Modified-release (MR) zolpidem was developed to maintain effective plasma concentrations during the 3- to 6-hour post-dosage interval, corresponding to the middle portion of the typical sleep interval. Modified-release zolpidem (12.5 mg), standard immediate-release (IR) zolpidem (10 mg), and placebo were compared in a doubleblind, single-dose, 3-way crossover daytime study of healthy volunteers (n = 70 completers). Effect areas for electroencephalographic ß amplitude during 0 to 8 hours and 3 to 6 hours after dosage were greater for MR compared to IR (P < .001).

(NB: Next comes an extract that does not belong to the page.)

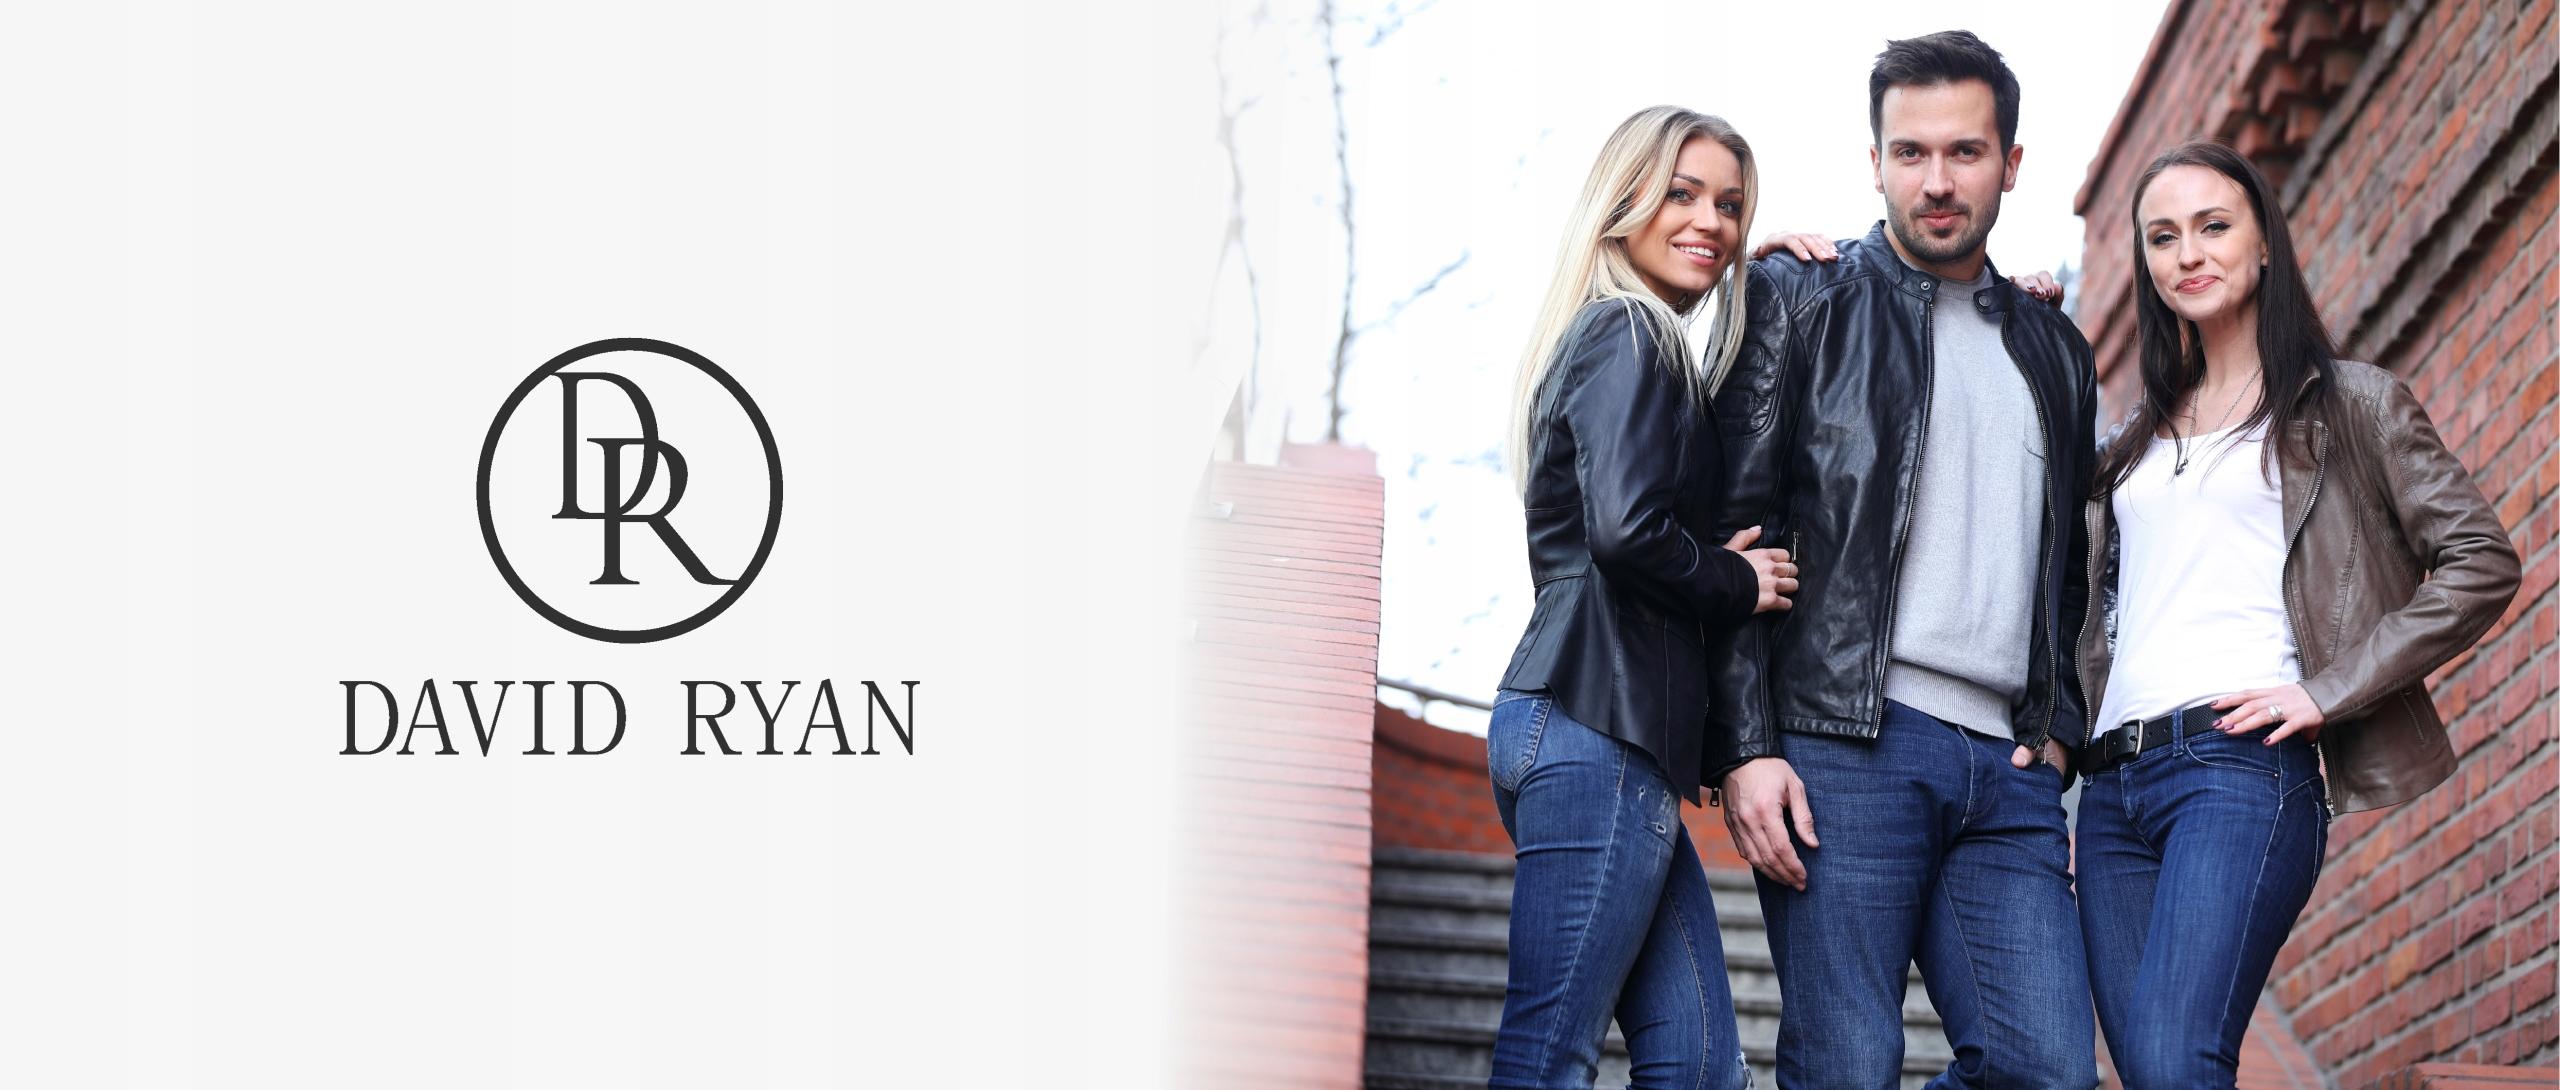 Płaszcz skórzany DAVID RYAN - Brenda - 2XL

The digit-symbol substitution test and sedation rating scales behaved similarly. MR and IR did not differ in effects at 8 hours post-dosage nor in halflife or clearance. Time of peak plasma concentration (tmax) was significantly longer for MR (2.4 vs 2.0 hours, P < .004), and dose-normalized peak plasma concentration (Cmax) was lower (12.2 vs 14.0 ng/mL/mg, P < .001). MR zolpidem also had greater area under the plasma concentration curve (AUC) during the 3- to 6-hour interval (P < .001). Thus, MR zolpidem produces sustained plasma levels compared to IR, with resulting enhancement of pharmacodynamic effects in the 3- to 6-hour post-dosage interval.
Key Words: Zolpidem modified release electroencephalography pharmacokinetics pharmacodynamics
Address for reprints: David J. Greenblatt, MD, Department of Pharmacology and Experimental Therapeutics, Tufts University School of Medicine, 136 Harrison Avenue, Boston, MA 02111; e-mail: dj.greenblatt{at}tufts.edu.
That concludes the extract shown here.